**Extracted material:**
********

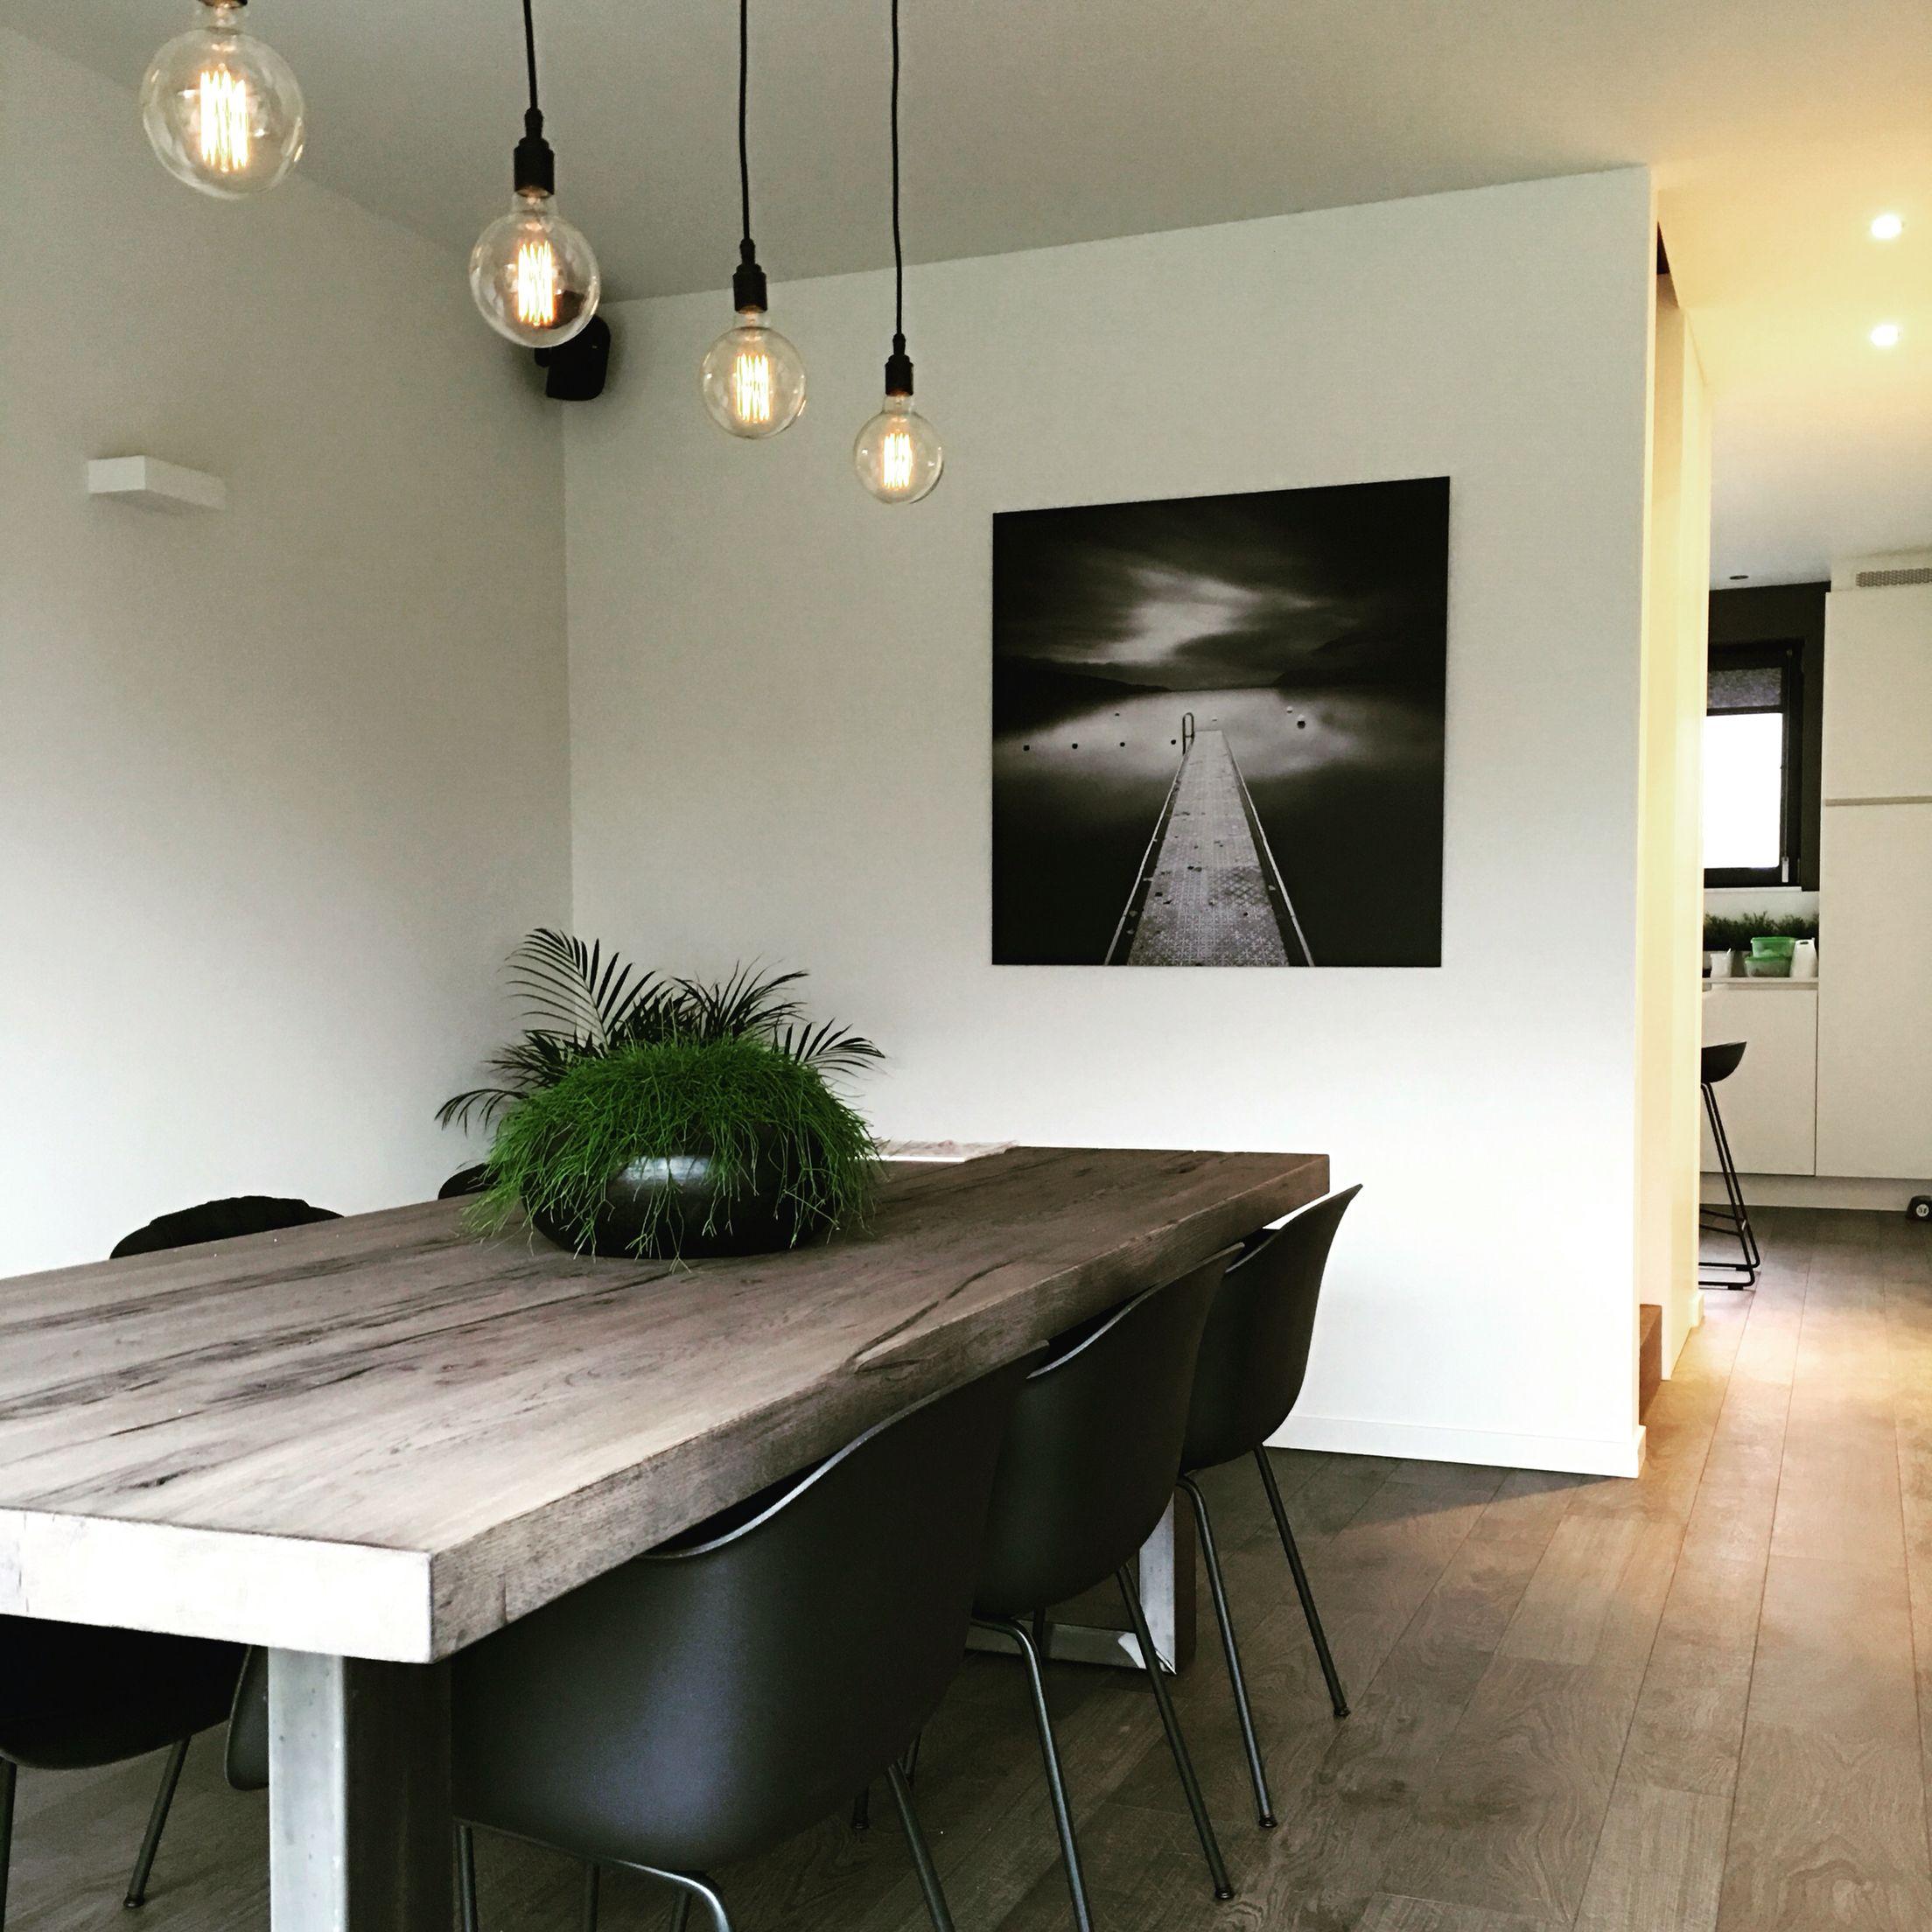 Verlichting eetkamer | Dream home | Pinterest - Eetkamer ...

********

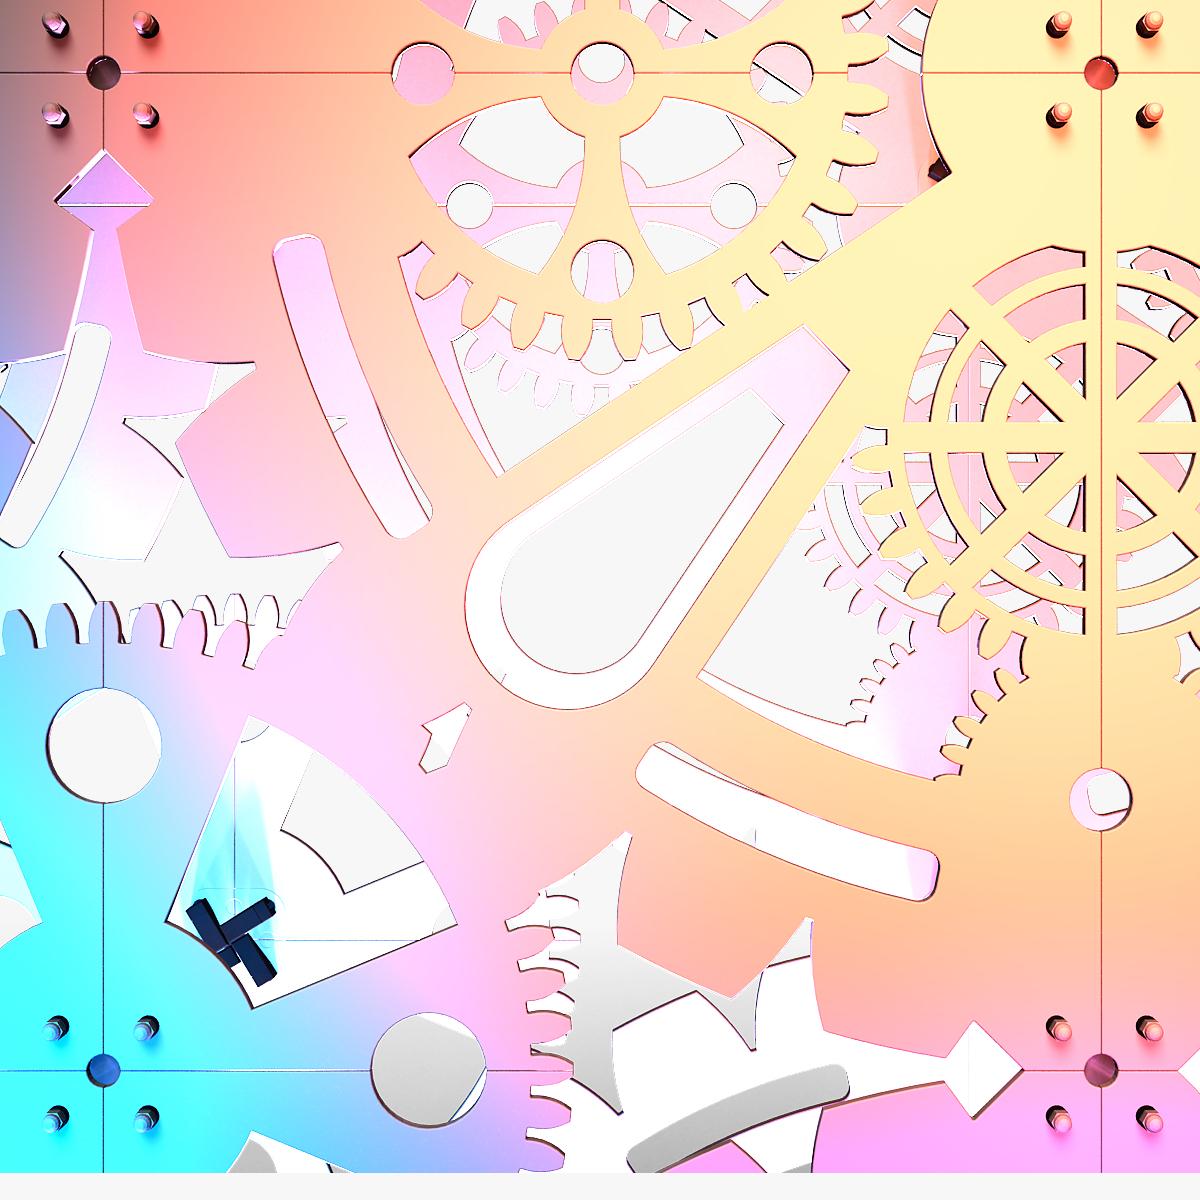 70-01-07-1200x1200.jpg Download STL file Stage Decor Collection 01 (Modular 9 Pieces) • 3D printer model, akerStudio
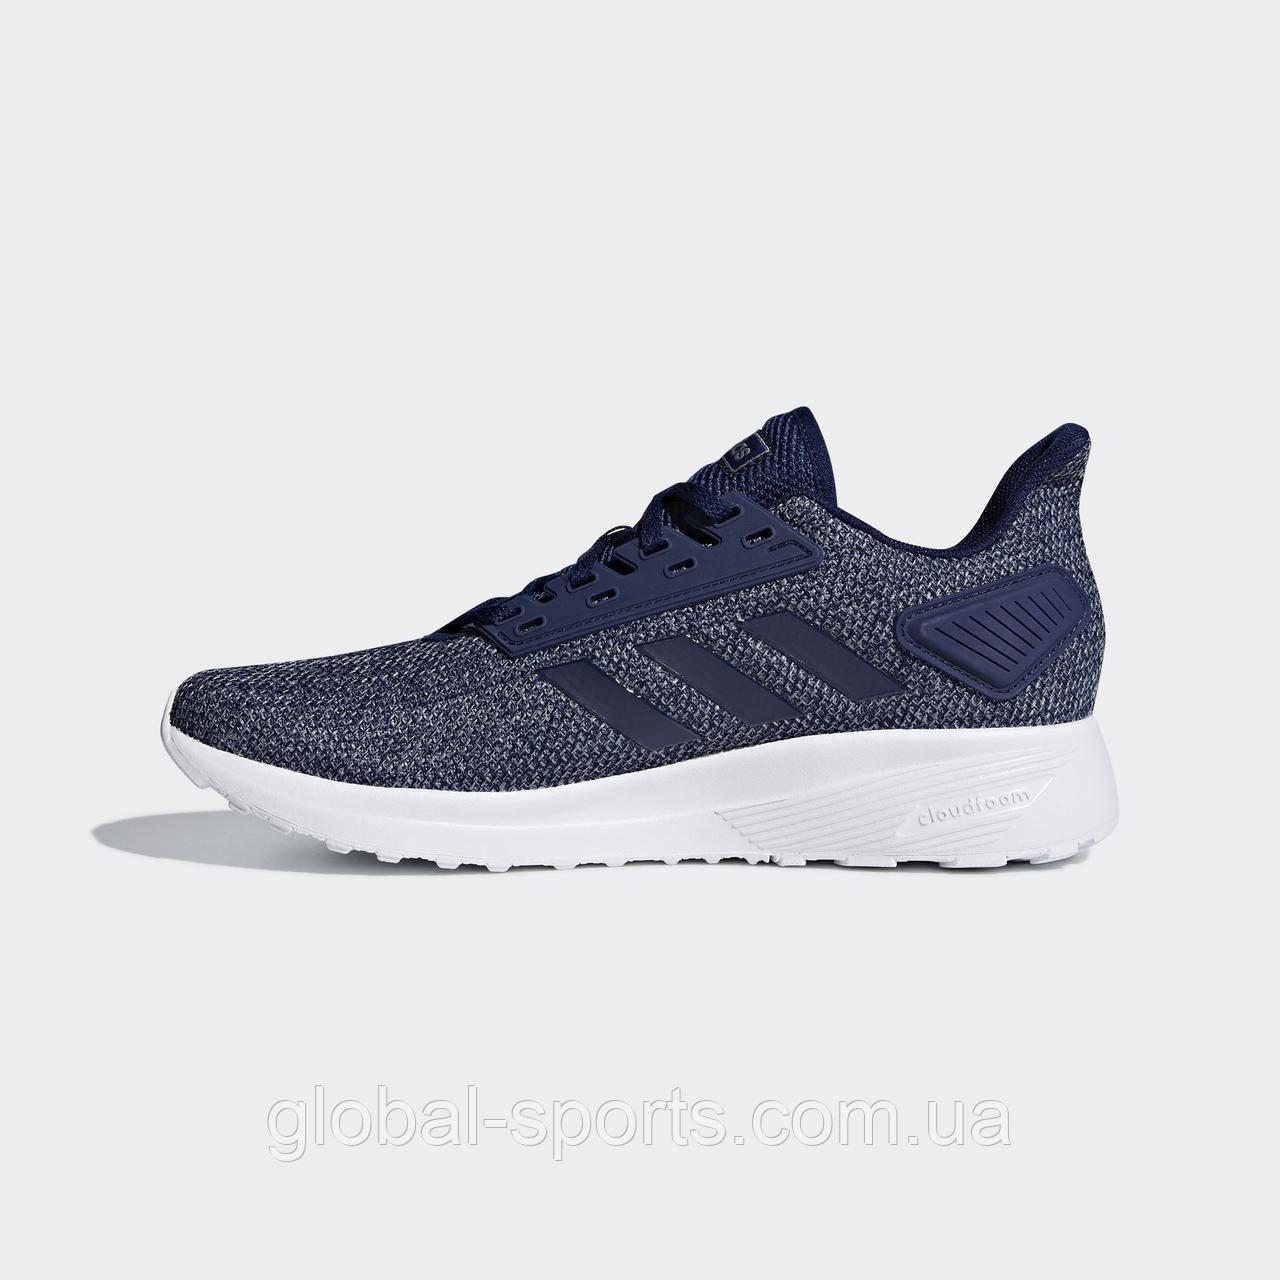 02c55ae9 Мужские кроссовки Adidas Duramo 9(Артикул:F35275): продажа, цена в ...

********

**Exercise details:** Because only one stretch of the records is wanted, please output the lines from the one holding "70-01-07-1200x1200.jpg Download STL" through the one holding "02c55ae9 Мужские кроссовки" exactly, both included, and leave every picture out.

**Exercise output:**
 70-01-07-1200x1200.jpg Download STL file Stage Decor Collection 01 (Modular 9 Pieces) • 3D printer model, akerStudio
 02c55ae9 Мужские кроссовки Adidas Duramo 9(Артикул:F35275): продажа, цена в ...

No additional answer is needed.